3. Bagaimana mewujudkan rancangan ruangan dalam pusat komunitas yang memiliki
fleksibilitas ruang yang tinggi dan dapat menanggapi perilaku anak-anak sebagai
user utama dalam kegiatan tersebut?
4. Bagaimana mewujudkan rancangan pusat komunitas yang tanggap dengan kondisi
sosial dan lingkungan di wilayah desa Beji?
1.3 Tujuan dan Sasaran
1.3.1. Tujuan
Merumuskan suatu konsep perencanaan dan perancangan pusat komunitas
sebagai wadah bagi kesenian Rinding Gumbeng dengan memperhatikan segala aspek
kebutuhan ruang yang fleksibel dan efisien untuk berbagai macam aktifitas yang
mungkin terjadi di dalamnya. Sehingga pada akhirnya komunitas Rinding Gumbeng
ini dapat berkembang dan dapat memperkenalkan kesenian ini ke masyarakat luas.
1.3.2. Sasaran
Target utama pengguna dalam pusat kesenian ini adalah anak-anak kelas 1 SD
sampai 3 SMP atau usia 5 sampai 15 tahun, walaupun tidak menutup kemungkinan
3
untuk pengguna di usia lain.
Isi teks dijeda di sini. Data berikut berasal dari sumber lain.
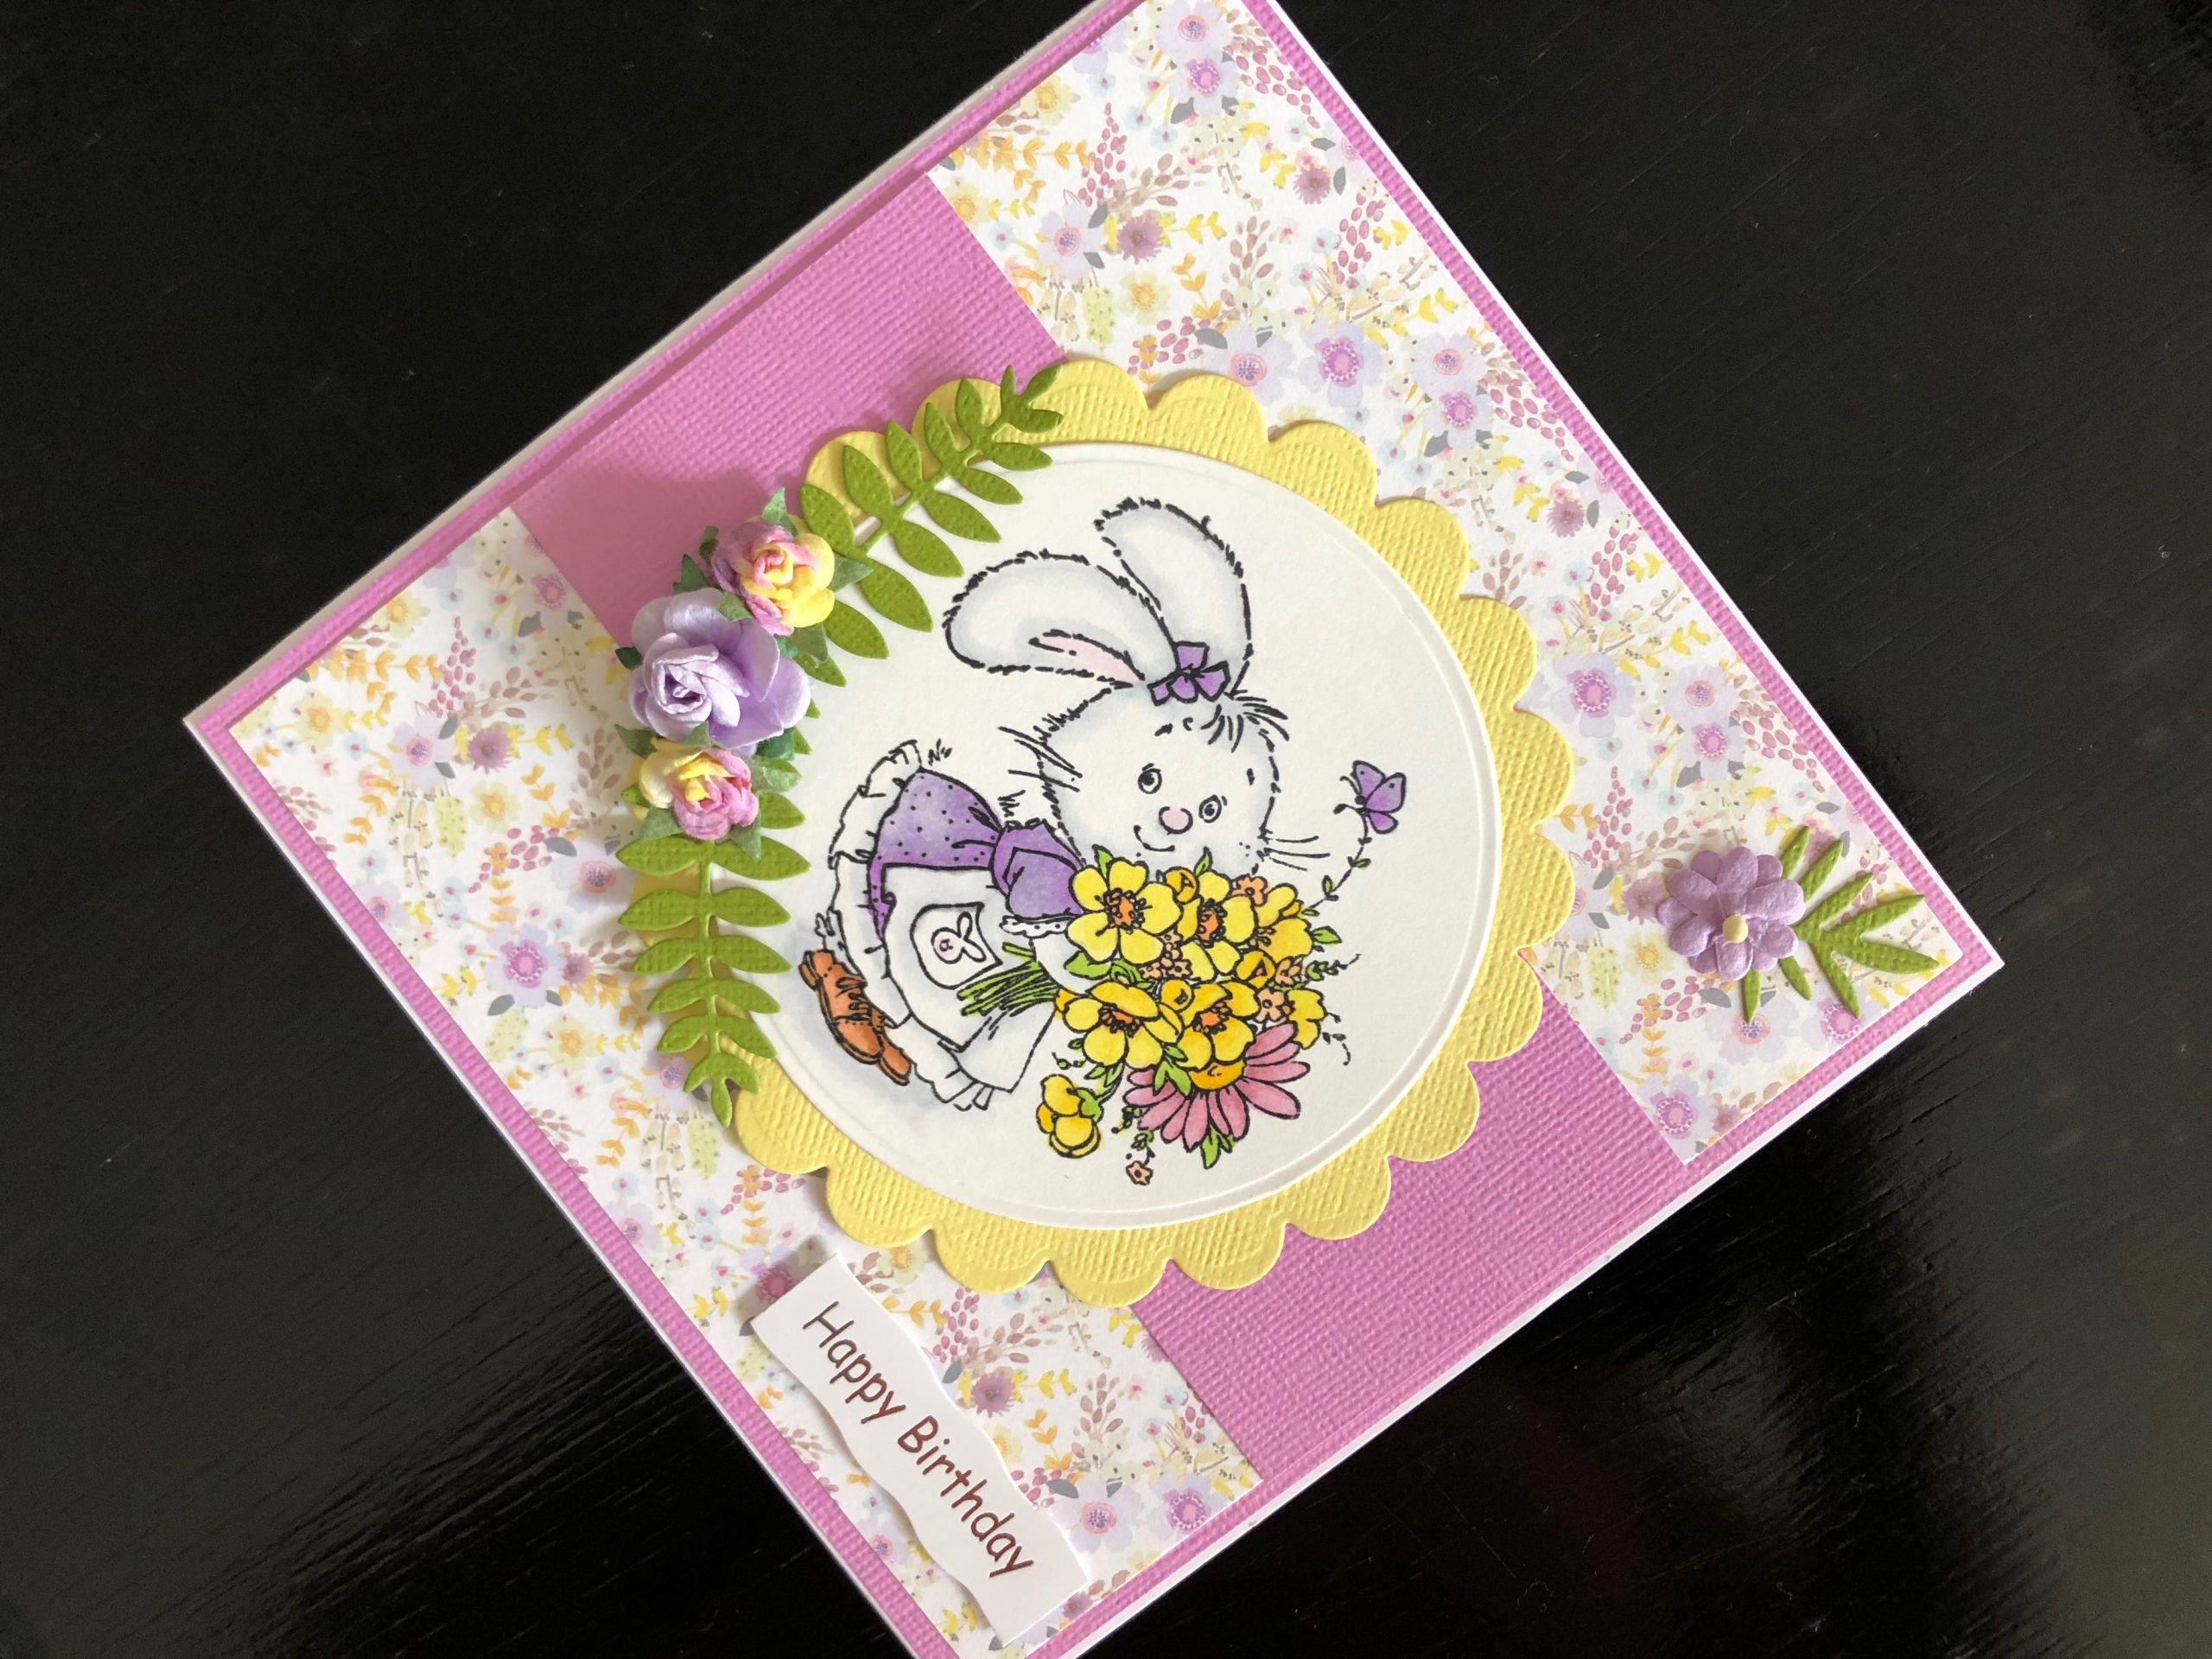 Hand made birthday card with a stamped rabbit image and spring flowers

Target pengguna ini tidak lepas dari target pembalajaran
dari komunitas Rinding Gumbeng ini sendiri. Selama ini komunitas ini memang fokus
mengajarkan kesenian ini ke sekolah-sekolah mulai dari SD, SMP, dan SLTA di
wilayah Gunung Kidul. Mereka berharap dengan mengajarkan kesenian ini ke anakanak sebagai generasi penerus bangsa, Rinding Gumbeng akan semakin dikenal dan
berkembang. Tujuan dari adanya batasan ini adalah untuk memberikan desain ruang
yang aksesibel dan nyaman bagi anak-anak dalam melakukan berbagai aktifitas di
pusat komunitas ini.
1.4 Lingkup Pembahasan
1.4.1. Arsitektural
Penelusuran masalah perancangan yang berkaitan dengan fungsi pusat komunitas
untuk dapat diwujudkan dalan bidang, ruang, dan gubahan massa, serta memuncuklan
ketertarikan denan aspek-aspek yang ada baik itu mikro maupun makro. Aspek mikro
adalah hal-hal yang berkaitan dengan bangunan itu sendiri, seperti fungsi, estetika, dan
struktur. Sedangkan aspek makro adalah hal-hal yang berada di luar bangunan, seperti
konteks kawasan dimana pusat komunitas berdiri.
1.4.2. Non Arsitektural
Penelusuran masalah perancangan yang tidak berkaitan langsung dengan arsitektur
yaitu: masalah sosial, masalah budaya, masalah aksesbilitas, dan ergonomi anak-anak
dan lansia. Studi masyarakat kampung dan studi ekologi.
1.5 Metodologi
1.5.1. Pengumpulan data
Dalam pra tugas akhir ini, metode untuk pengumpulan data dilakukan berdasarkan
studi literatur, observasi lapangan, dan melalui studi kasus.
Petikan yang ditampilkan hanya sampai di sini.